Define resource types, roles, and permissions as JSON:
```json
{
"version": 1,
"resources": [
{
"name": "document",
"roles": ["owner", "viewer"],
"permissions": {
"edit": ["owner"],
"view": ["owner", "viewer"]
}
}
]
}
```
Check a single permission (defaults to the current session user):
```
GET /v1/authz/decisions?resource_type=document&resource_id=123&permission=edit
GET /v1/authz/decisions?resource_type=document&resource_id=123&permission=edit&user=456
```
Batch-check multiple permissions in one request:
```sh
POST /v1/authz/checks
{
"checks": [
{ "resource_type": "document", "resource_id": "123", "permission": "edit" },
{ "resource_type": "document", "resource_id": "123", "permission": "view", "user": "789" }
]
}
```
Other authz endpoints: `POST/DELETE/PATCH /v1/authz/relations` (write tuples), `GET/PUT /v1/authz/schema`, `GET /v1/authz/subjects`, `GET /v1/authz/objects`, `GET /v1/authz/traces` (decision audit).
## TypeScript SDK
```sh
npm install @beyond.dev/auth
```
```ts
import { createAuthzClient, createSessionVerifier } from "@beyond.dev/auth";
// Verify an opaque session token
const verifier = createSessionVerifier({
baseUrl: "https://auth.yourproject.beyond.dev",
});
const session = await verifier.verify(bearerToken); // null if invalid/expired
// Check a permission
const authz = createAuthzClient({
baseUrl: "https://auth.yourproject.beyond.dev",
adminSecret: process.env.AUTH_ADMIN_SECRET!,
});
const allowed = await authz.check({
resource: "document",
id: "123",
permission: "edit",
subject: session?.userId,
});
```
Next.js integration ships in `@beyond.dev/auth/next`: middleware, RSC helpers, and cookie utilities.
## Development
```sh
mise run format # format all source files
```
Integration tests use [testcontainers](https://github.com/testcontainers/testcontainers-rs) and spin up a real Postgres instance.

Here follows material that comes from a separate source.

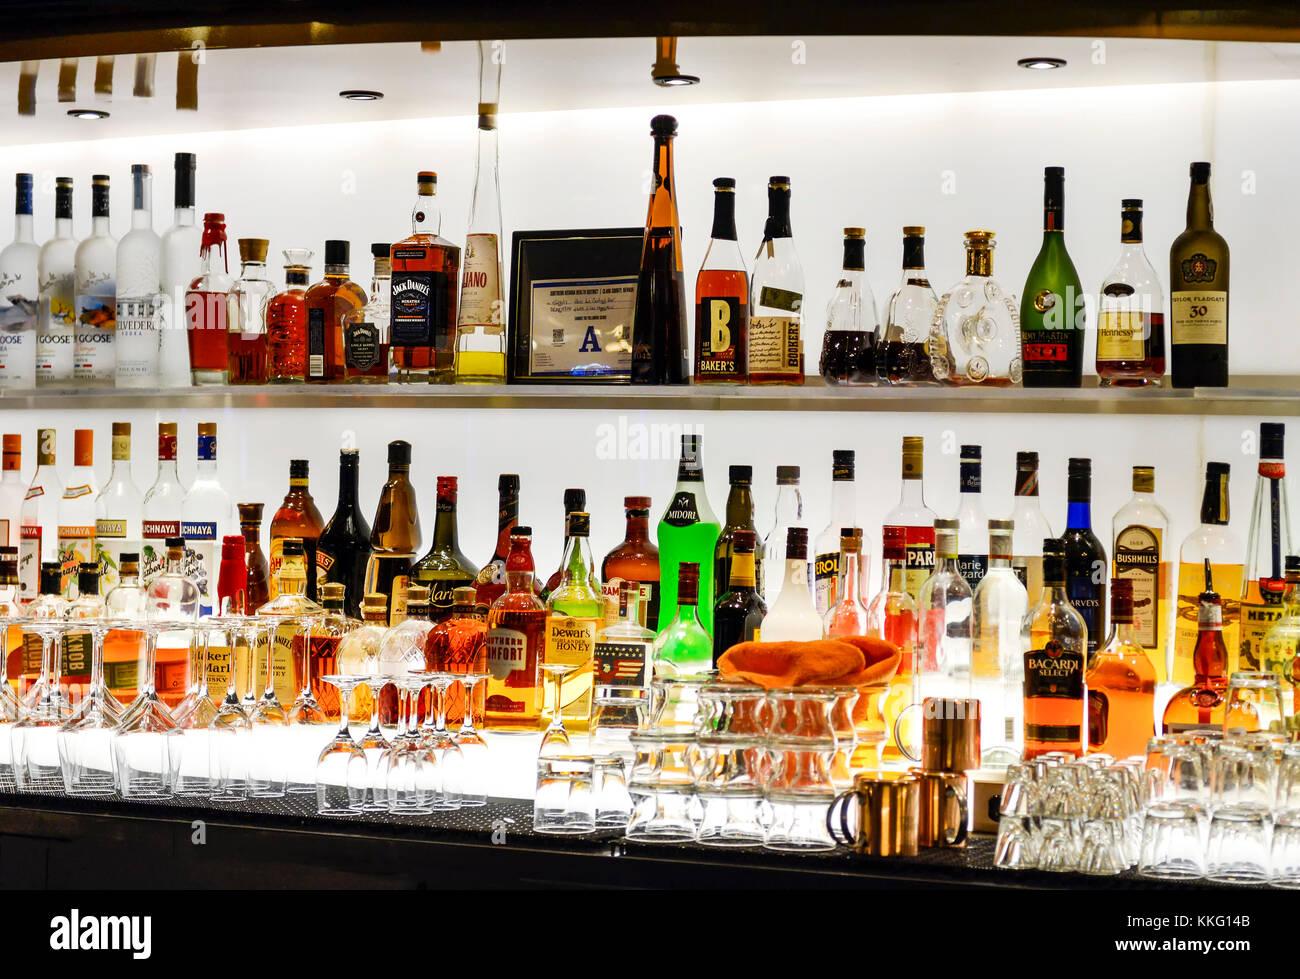 Stocked bar stock photos stocked bar stock images alamy - Bar le central ...

## Self-hosting and portability
To move off Beyond (or any managed host) to your own infrastructure:
1. Export your database: `pg_dump --schema=auth -f auth.sql "$DATABASE_URL"`
2. Stand up `beyond-auth` anywhere that can reach a Postgres instance.
3. `pg_restore` the auth schema into your target database.
4. Set `DATABASE_URL`, `SIGNING_KEY_ENCRYPTION_KEY`, `ADMIN_SECRET`, and WebAuthn config, then start the service.
Existing sessions and JWTs remain valid. The same binary, the same schema, the same keys.
## License
AGPLv3. Self-host for any purpose, including commercial use. If you offer this software as a service, you must release your modifications under AGPLv3.